Нельзя не согласиться с позднейшим отзывом И. С. Тургенева, что под монологом скупого рыцаря «с гордостью подписался бы Шекспир».

В «Каменном госте» традиционный образ любовного авантюриста приобретает новые черты: не обличение распутника, а раскрытие в нем сильных драматических черт прельщает Пушкина. Его Дон-Жуан — поэт, сочиняющий превосходные романсы Лауре и непринужденно выступающий «импровизатором любовной песни». Он славится своим красноречием («О, Дон-Жуан красноречив, я знаю!») и сразу же увлекает неприступную вдову яркой образностью своих признаний:

…Чтоб камня моего могли коснуться Вы легкою ногой или одеждой. Когда сюда, на этот гордый гроб Пойдете кудри наклонять и плакать…

Интеллектуальный блеск и поэтическая одаренность в нем сочетаются с бесстрашием мысли и дерзкой независимостью поступков. Постигающая его катастрофа не является у Пушкина возмездием за греховность, а только раскрытием трагизма, заложенного в любовной страсти.

Прочитанный некогда на юге биографический эпизод об отравлении Моцарта музыкантом-соперником обращает мысль Пушкина к двойному трагизму судьбы художника: не только борьба с внешними силами, но и гонения в собственном артистическом кругу нередко готовят ему гибель.
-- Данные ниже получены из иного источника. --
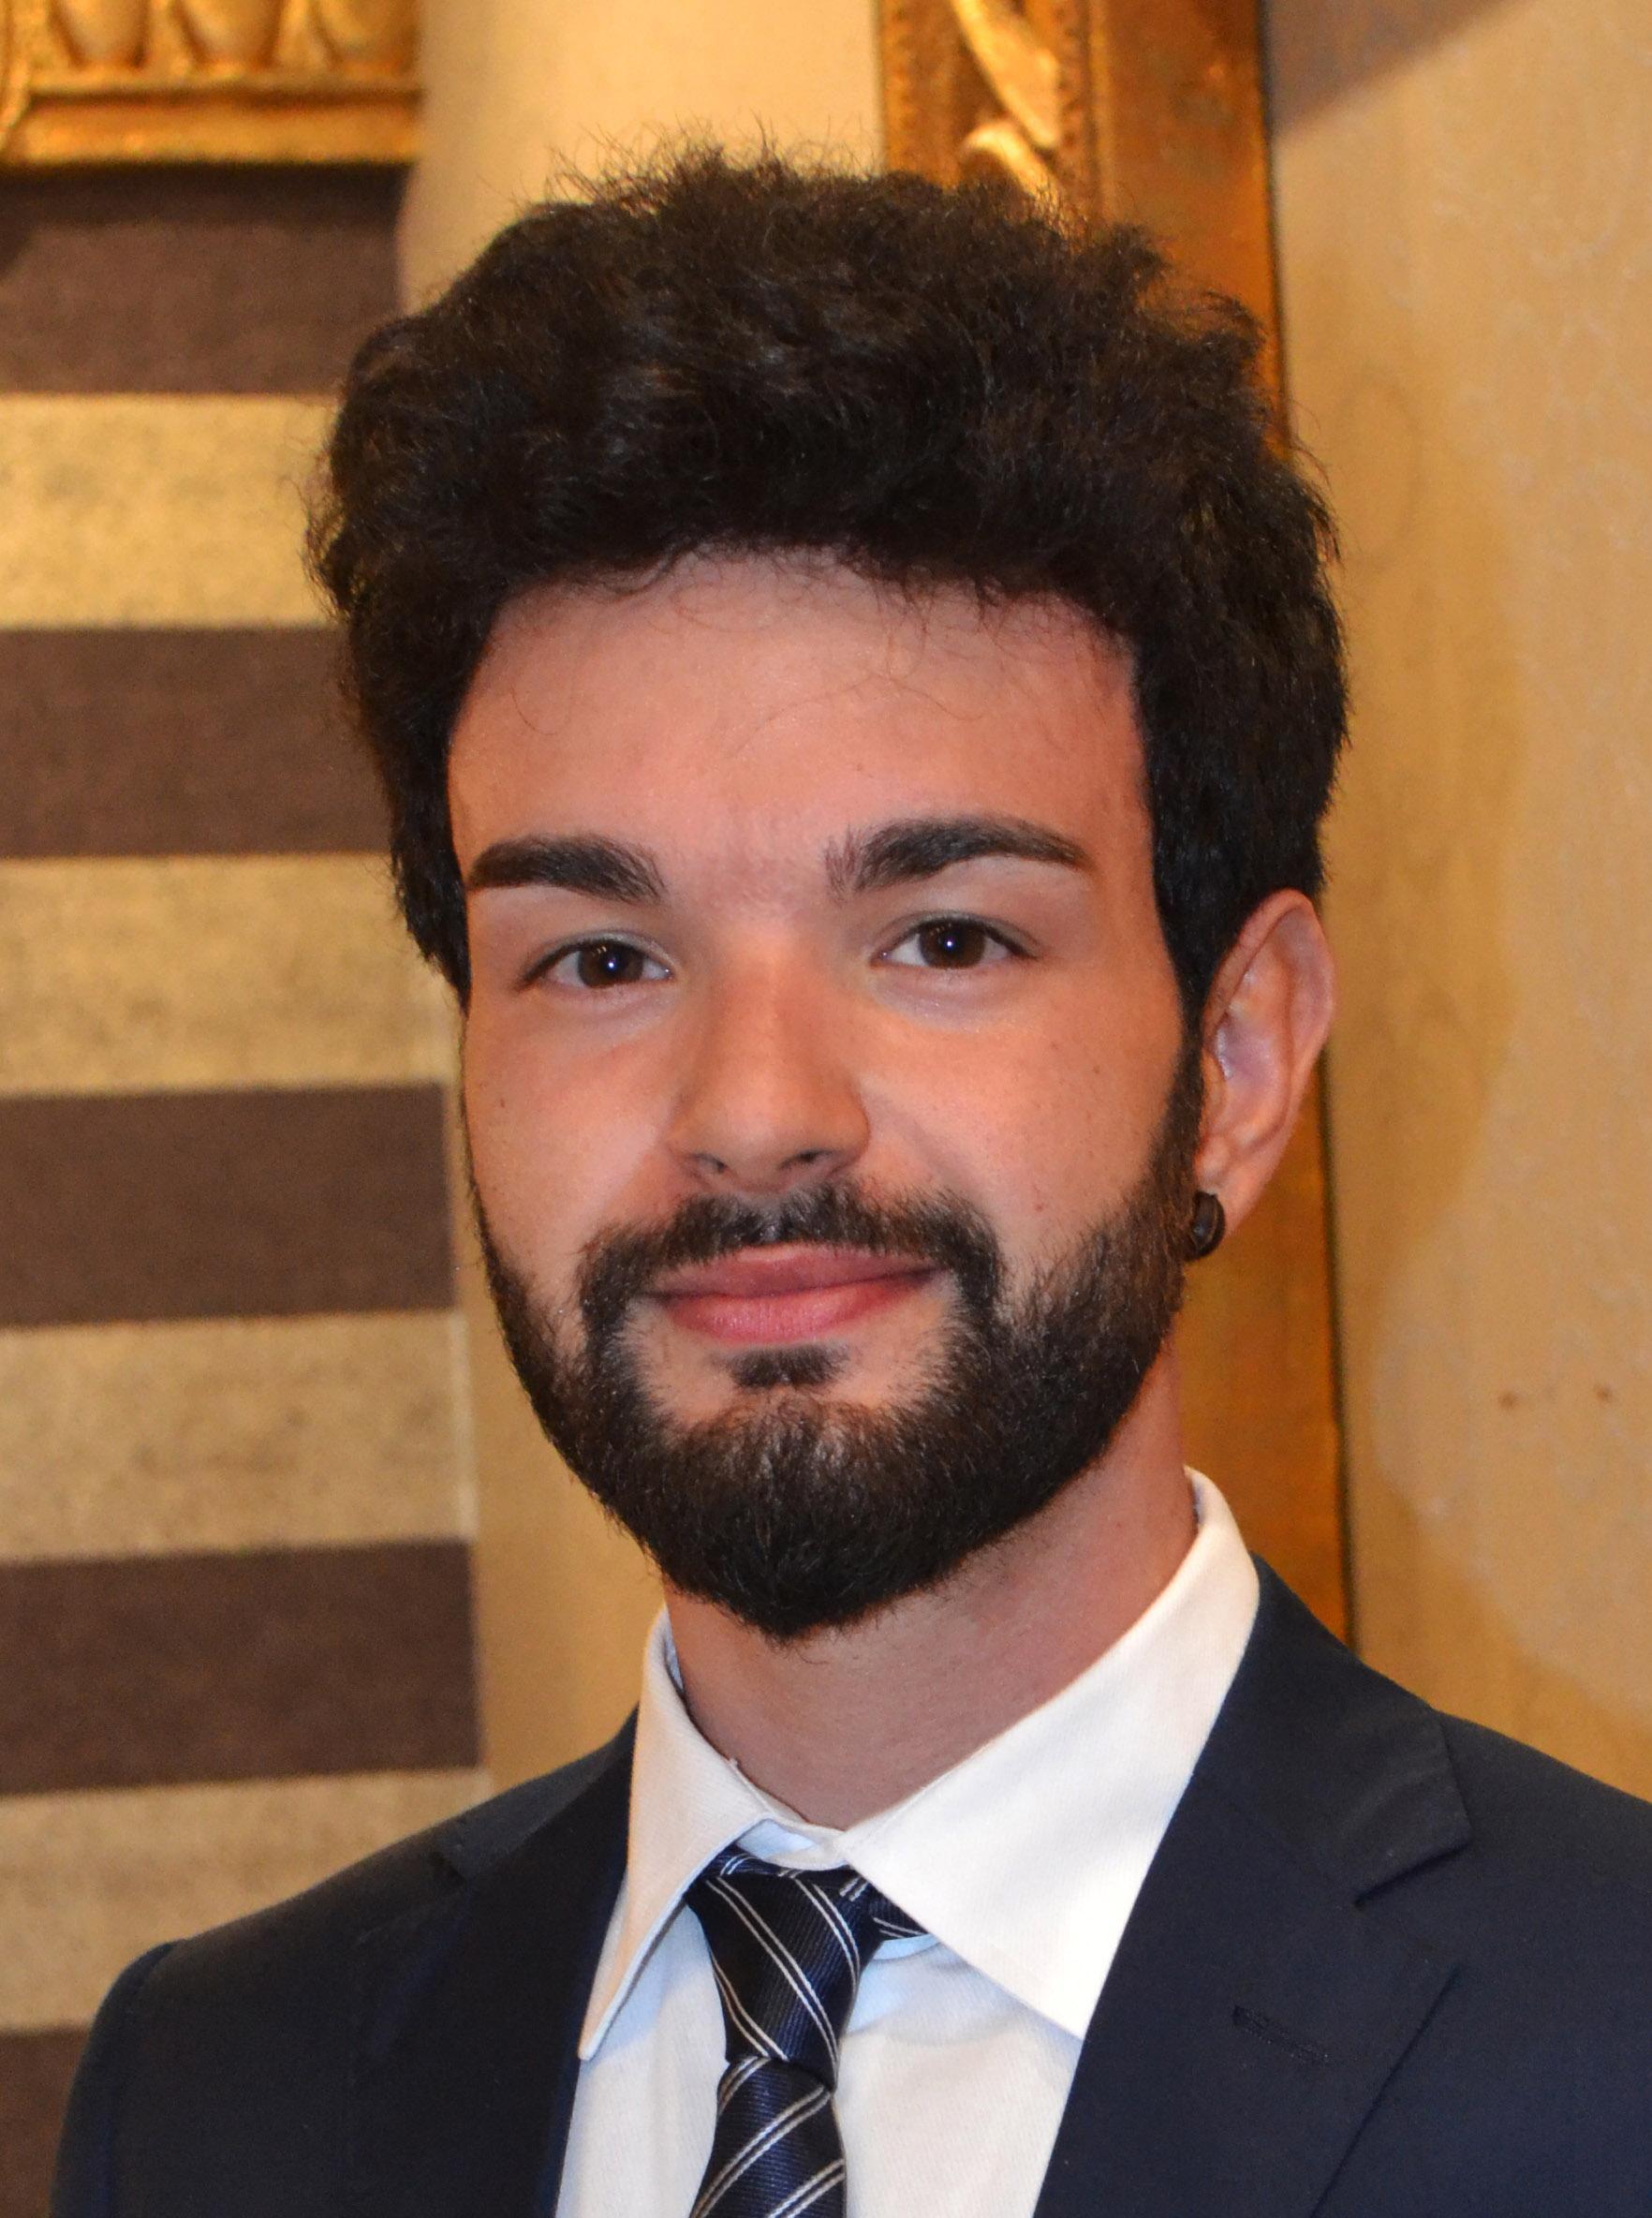 Marco Rosano : Ph.D. Student

Первоначально драма была озаглавлена «Зависть». Композитор Сальери, который, по преданию, на премьере «Дон-Жуана» со свистом «вышел из залы в бешенстве, снедаемый завистью», должен был воплотить этот порок, порождающий столько драм в быту художников. «Завистник, который мог освистать «Дон-Жуана», мог отравить его творца», — записал несколько позднее Пушкин.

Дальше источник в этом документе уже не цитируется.